Semantics of ^^

[Lars T. Kyllingstad]

Don wrote:
> Based on everyone's comments, this is what I have come up with:
> 
> --------------------
> x ^^ y is right associative, and has a precedence intermediate between 
> multiplication and unary operators.
> 
> * The type of x ^^ y is the same as the type of x * y.
> * If y == 0,  x ^^ y is 1.
> * If both x and y are integers, and y > 0,  x^^y is equivalent to
>    { auto u = x; foreach(i; 1..y) { u *= x; } return u; }
> * If both x and y are integers, and y < 0, an integer divide error 
> occurs, regardless of the value of x. This error is detected at compile 
> time, if possible.
> * If either x or y are floating-point, the result is pow(x, y).
> --------------------
> Rationale:
> (1) Although the following special cases could be defined...
>  * If x == 1,  x ^^ y is 1
>  * If x == -1 and y is even, x^^y == 1
>  * If x == -1 and y is odd, x^^y == -1
> ... they are not sufficiently useful to justify the major increase in 
> complexity which they introduce. In all other cases, a negative exponent 
> indicates an error; it should be rewritten as (cast(real)x) ^^ y. Making 
> these cases errors makes everything much simpler, and allows the 
> compiler to use range propagation on the value of y to detect most 
> exponentiation errors at compile time. (If those cases are legal, the 
> compiler can't generate an error on x^^-2, because of the possibility 
> that x might be 1 or -1).
> Also note that making it an error leaves open the possibility of 
> changing it to a non-error later, without breaking code; but going from 
> non-error to error would be more difficult.

I agree.


> (2) USE OF THE INTEGER DIVIDE ERROR
> Note that on x86 at least, a hardware "integer divide error", although 
> commonly referred to as "division by zero", also occurs when the DIV 
> instruction, which performs uint = ulong/uint, results in a value 
> greater than uint.max.
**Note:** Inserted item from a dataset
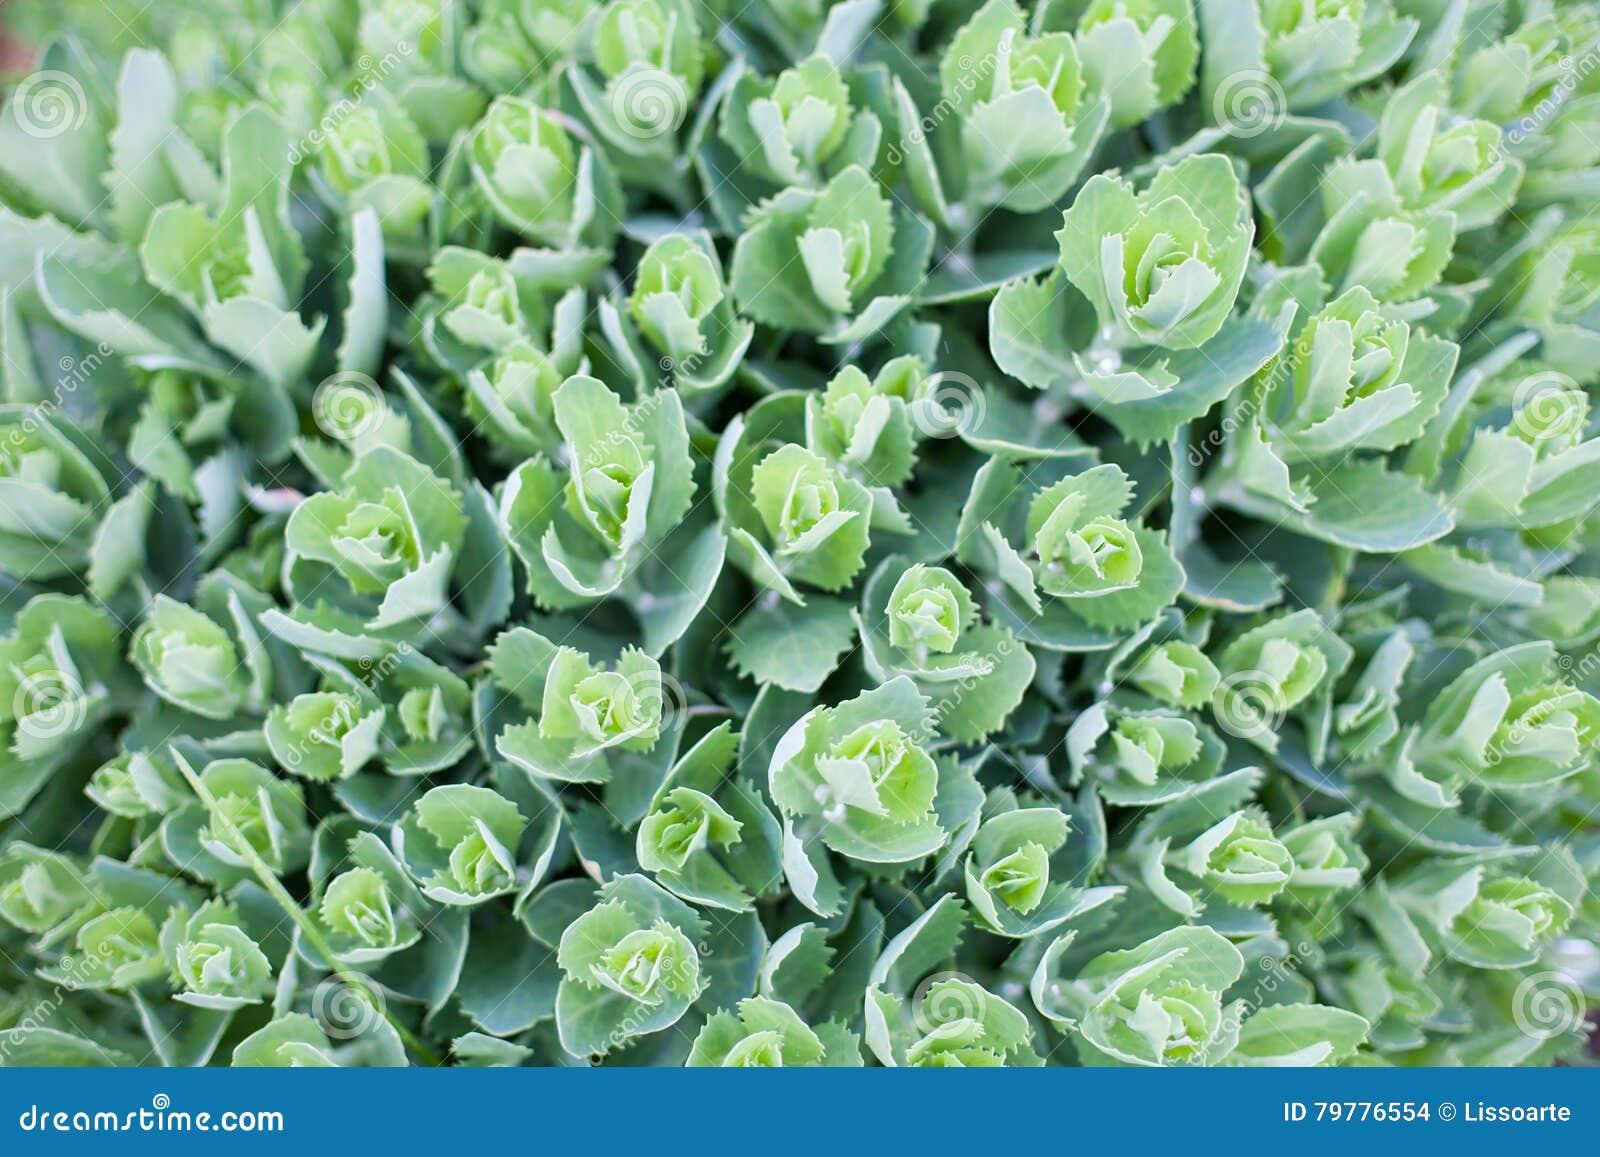 Ortensie Con Foglie Arricciate : Ortensie con foglie verde chiaro la migliore scelta di

Raising a number to a negative power does involve 
> a division, so it seems to me not unreasonable to use it for this case 
> as well.
> Note that 0 ^^ -1 is a division by zero.
> This means that, just as you should check that y!=0 before performing 
> x/y, you should check that y>=0 before performing x^^y.

This is reasonable.


> (3) OVERFLOW
> int ^^ int returns an int, not a long. Although a long would allow 
> representation of larger numbers, even doubling the number of bits 
> doesn't help much in avoiding overflow, because x^^y is exponential. 
> Even a floating-point representation can easily overflow:
> 5000^5000 easily overflows an 80-bit real.
> So, it's preferable to retain the simplicity that typeof(x^^y) is 
> typeof(x*y).

Absolutely. I think people who use exponentiation will be well aware of 
how easily it overflows, and will use long or BigInt (which should of 
course overload ^^) if they are worried about this. In any case, the 
most common uses of int^^int will be x^^2, x^^3, and x^^4.

It looks like you've given this quite some thought. Thanks!

-Lars